Some forgotten gems within the catacombs of obscure death metal have remerged and found the grace they had long ago deserved. Others, however, had been more concerned with sticking it in the rotting corpses around the graves, and thus failed to live up to expectations when excavations of a potential diamond in the filth had begun. One such example of this forlorn category of hidden releases is Antropomorphia’s “Necromantic Love Songs,” a small EP of death metal tunes that are, well, not romantic. The EP reeks of the early stages of a group that was trying to figure out what went where and what to do when it went where it belonged, if you know what I mean. (And I will shamelessly admit it took a long, long time before I got the pun.)

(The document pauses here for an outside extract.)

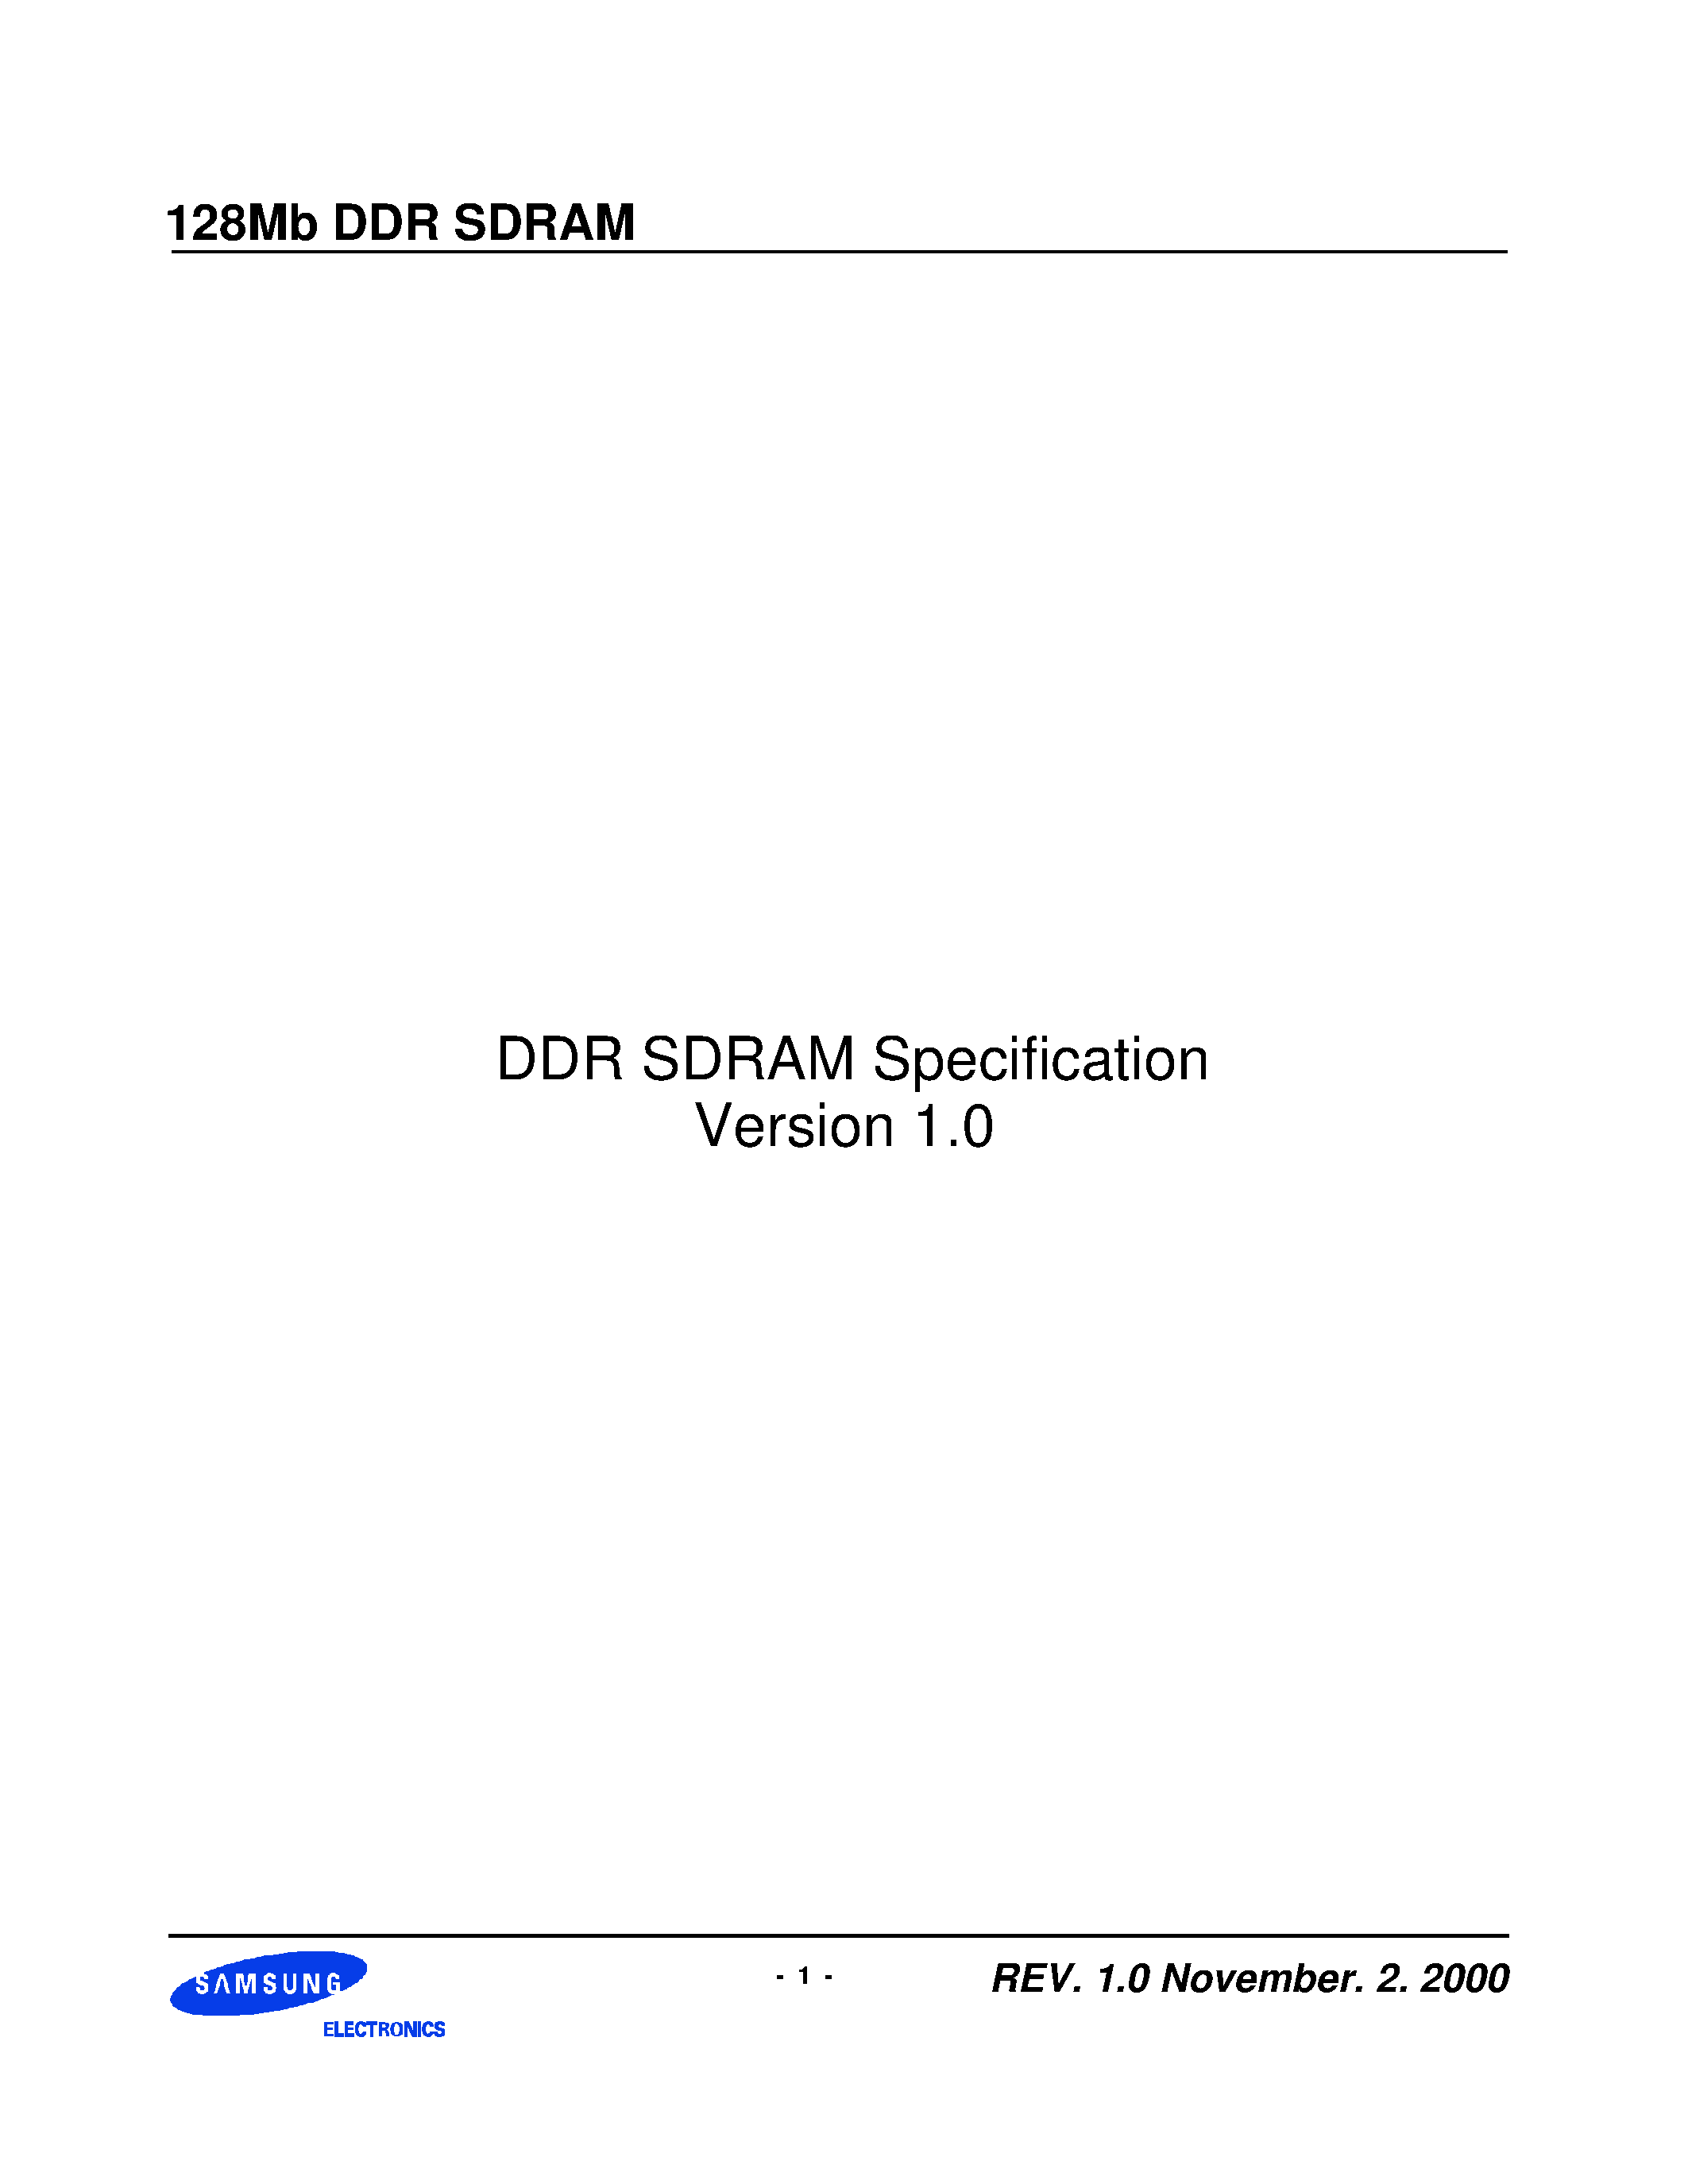 Даташит KM44L32031BT-G(L)Z - DDR SDRAM Specification Version 1.0 страница 1

Antropomorphia sprouted from the influence of noteworthy death metal bands, such as Autopsy and Death; it is easy to see these influences brewing up in what is undeniably death metal with an old-fashioned edge. Sadly, the riffs suggesting influence from the aforementioned groups coughed up through fast and mid-paced medians are unable to captivate. They aren’t boring or flat, but they are basic death metal riffs that go through the motions, I guess. I haven’t been able to recall most of these songs without digging up the EP to give my memory a jumpstart, and death metal with forgettable, bland riffs sinks where it stands. However, pretty much every other component of “Necromantic Love Songs” nails it. The low, guttural vocals are sickening; the drum work is surprisingly vital; and the production is raw and sloppy, perfect for such filth.
But Antropomorphia was at least perceptive enough in its erotic serenading of the deceased to weave in impressive instrumental knacks. Bass lines are everywhere throughout the EP, most notably kicking off “The Carnal Pit” with a funky groove which the rest of the band casually enters before reaching their desired death metal directive. “Chunks of Meat” stitches up a jazzy Atheist-esque drum section during one of its decelerated sections, leading to an eventual eruption that is all the more intriguing due to an unfamiliar idea setting up the rest of the music. A few spiffy riffs introduce themselves here and there, but mostly Antropomorphia does the death metal thing with extra sickness.
The EP’s title, lyrics, and cover art reveal Antropomorphia’s fetishistic knack for the dead; Jeffery Dahmer was subtler, I’m sure. “Necromantic Love Songs” is not a bad release by any means, but it is stripped of execution and lacks significance that would have elevated it to a higher status. Then again, Antropomorphia sounds like the type of band that would rather crack open caskets and do the nasty than exercise its musical dominance, and that deserves respect. You be you, Antropomorphia.